Re: Regexp: \m and [^[:alnum:]_] are not equivalent



>> 3. a "word" boundary is a location where on one side you have any
and on the other side
>> you have a character included in set A
>
> I don't believe you. According to your example, words may not begin
> or end at the boundary of the string (no "character not in set A" at
> the boundary), so your example contains *zero* words, by rule 3.

I don't understand why you don't believe me. "Words" may begin at the
beginning or end of a string.
I said:
>> character not in set A (or string start/stop),

Therefore my example sounds correct to me: it contains three of my "words".

But this isn't of big importance I think. As I said, the text in which I
want to search is placed in a text widget. Beginning or end of the part of
the text in which I search is given by the start and stop index of the .t
search command. If my problem is solved for all the cases but the start and
stop, it will be a great step forward. I would look at such cases
afterwards.


> Which indicates you have not thought clearly about your problem,
> rather than merely not describing it clearly.
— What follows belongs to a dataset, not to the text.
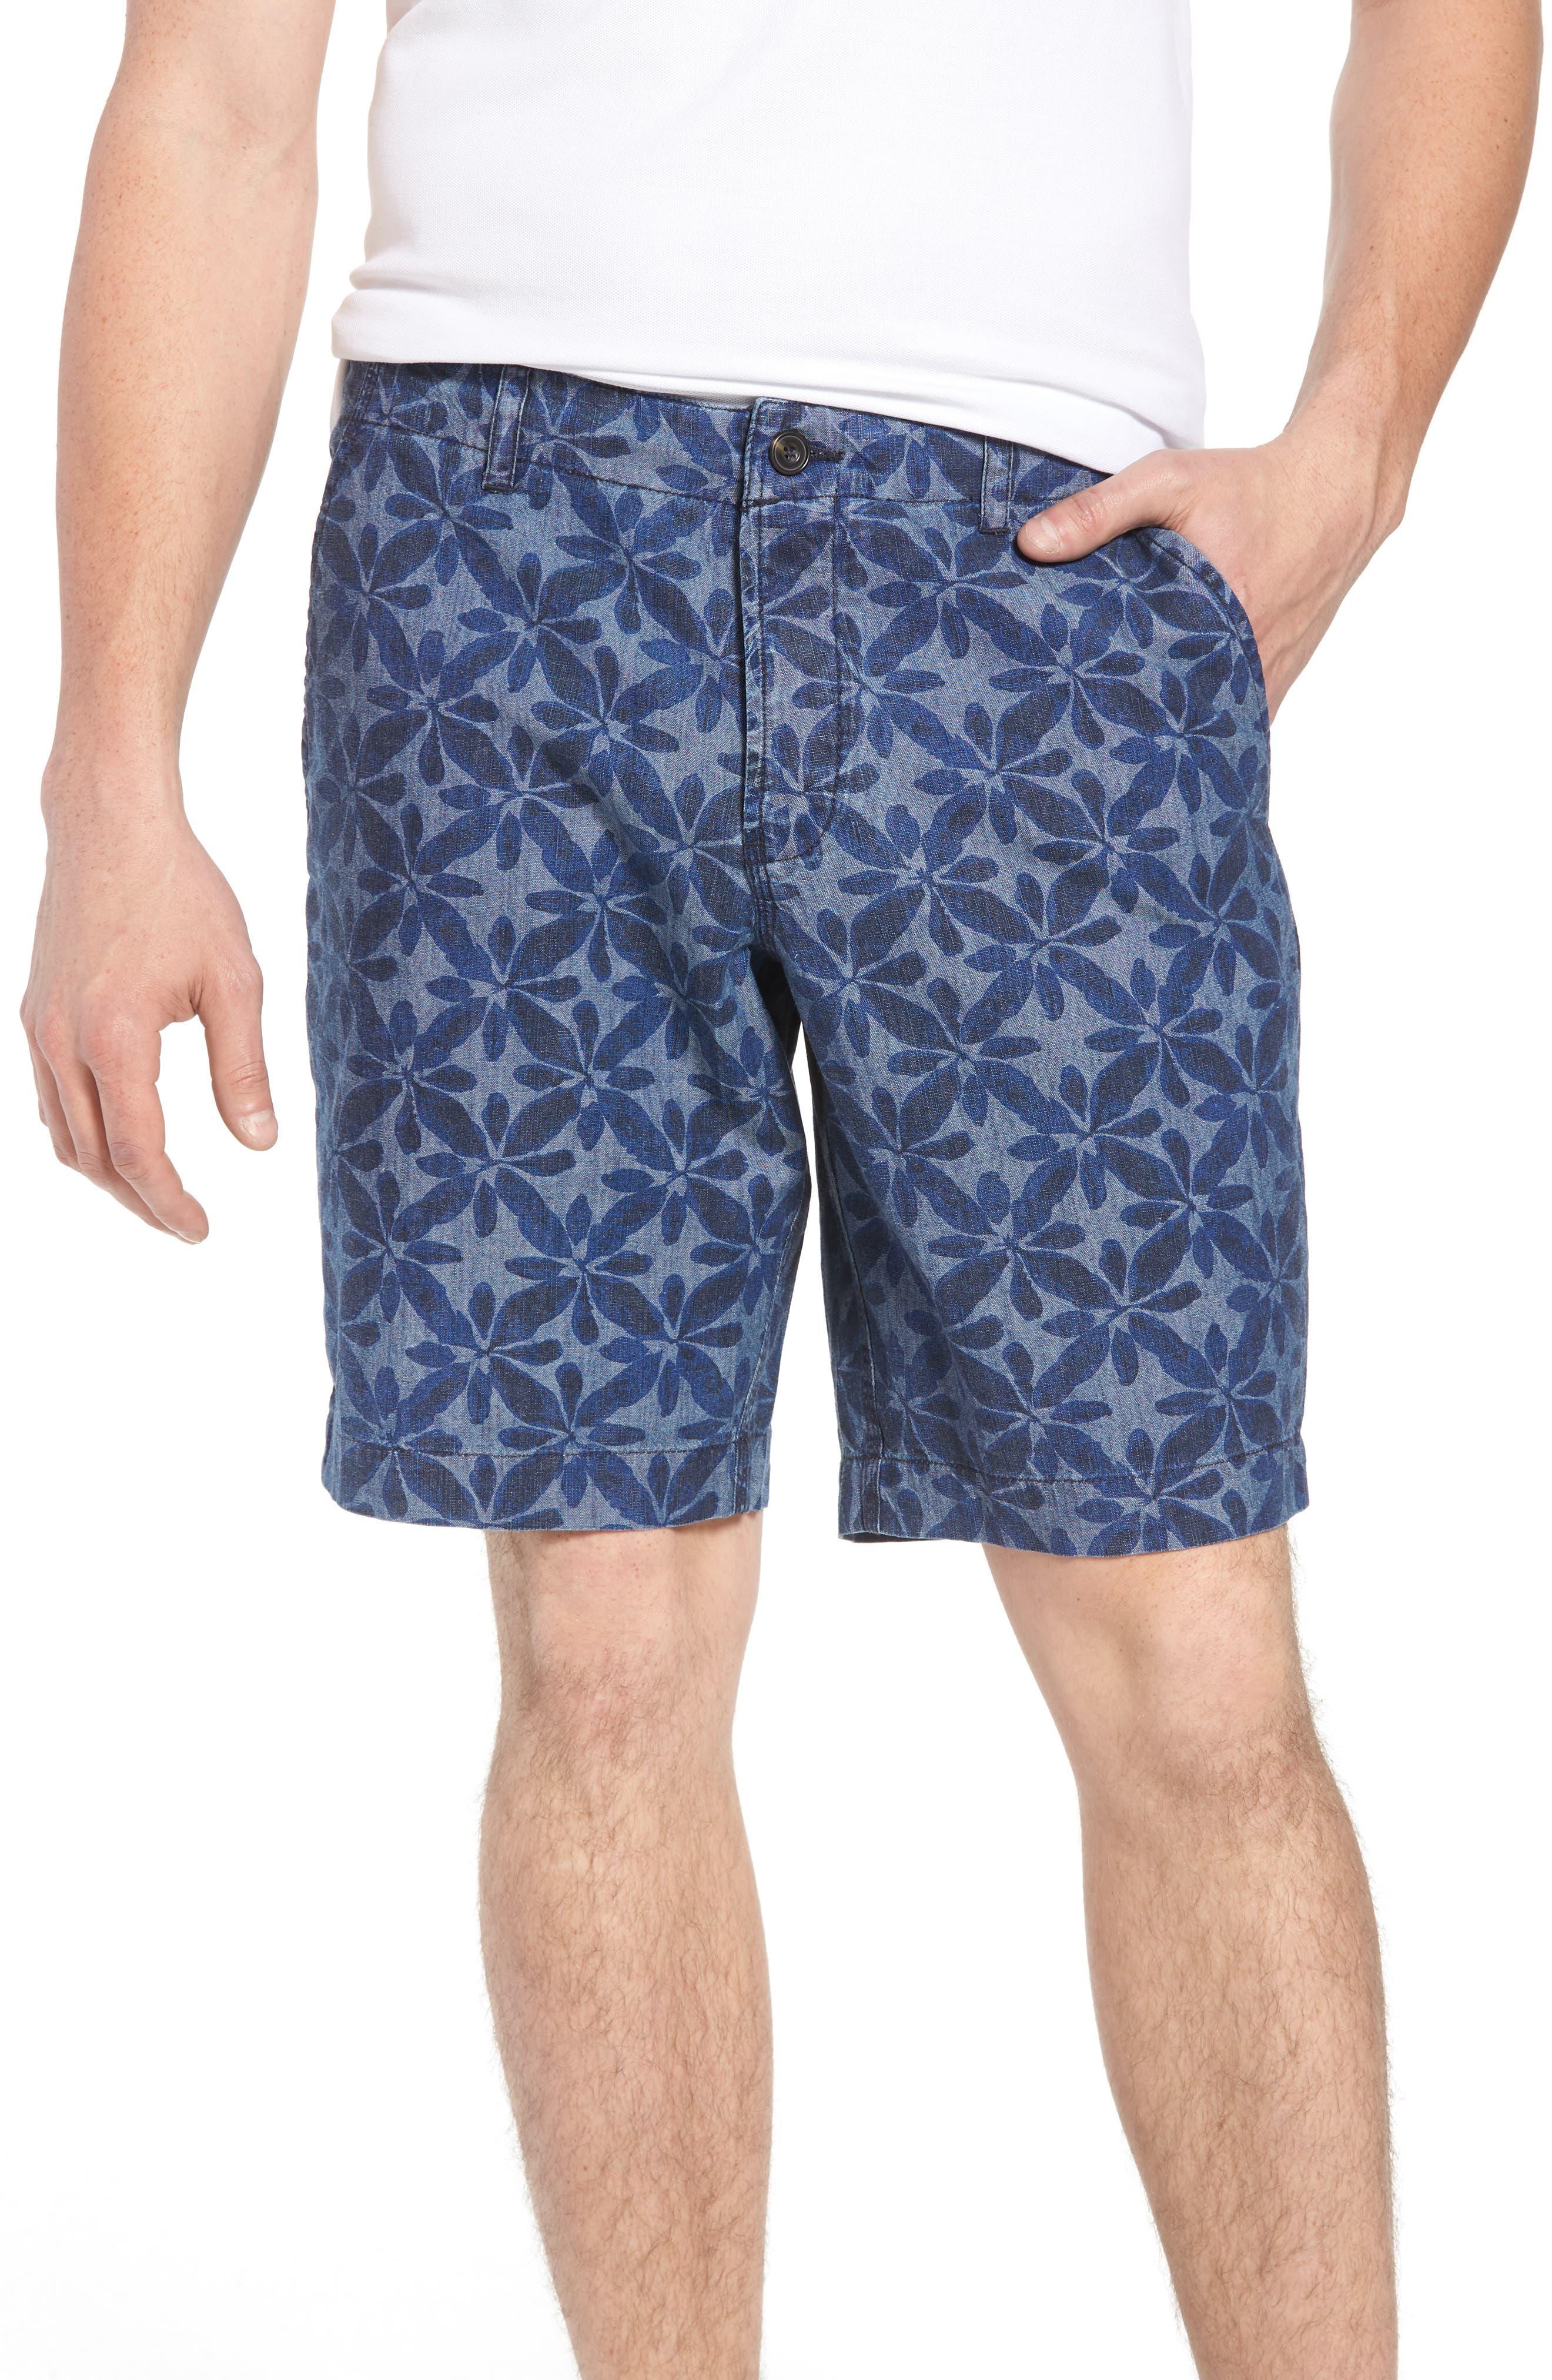 Franju Floral Cotton Shorts,                             Main thumbnail 1, color,                             Rinse And Softener

This is however still possible. I tried to explain my mind as clearly as I
could but might have failed.
Another way of describing my problem to you is to say that I want to mimic
certain wordprocessors "Match whole word" search option (e.g. MS Word offers
such an option).


>> 4. a "word" can be composed of any number of characters
>> 5. the characters in a "word" can appear in any order, at any position
>> inside the "word", and any number of times
>
> Which is an entirely different problem from what you asked before with
> "%foo" versus "bar%foo".

Correct.


> Why are you still using \m after the previous discussion?

I gave my \m example (that partially worked) in order you understand the
history of why I'm looking for something else.


> You had
> an explicit set of characters before. Now you say a word can contain
> *ANY* character, so you have lost the dichotomy between word-characters
> and non-word characters, and searching whole words doesn't make sense.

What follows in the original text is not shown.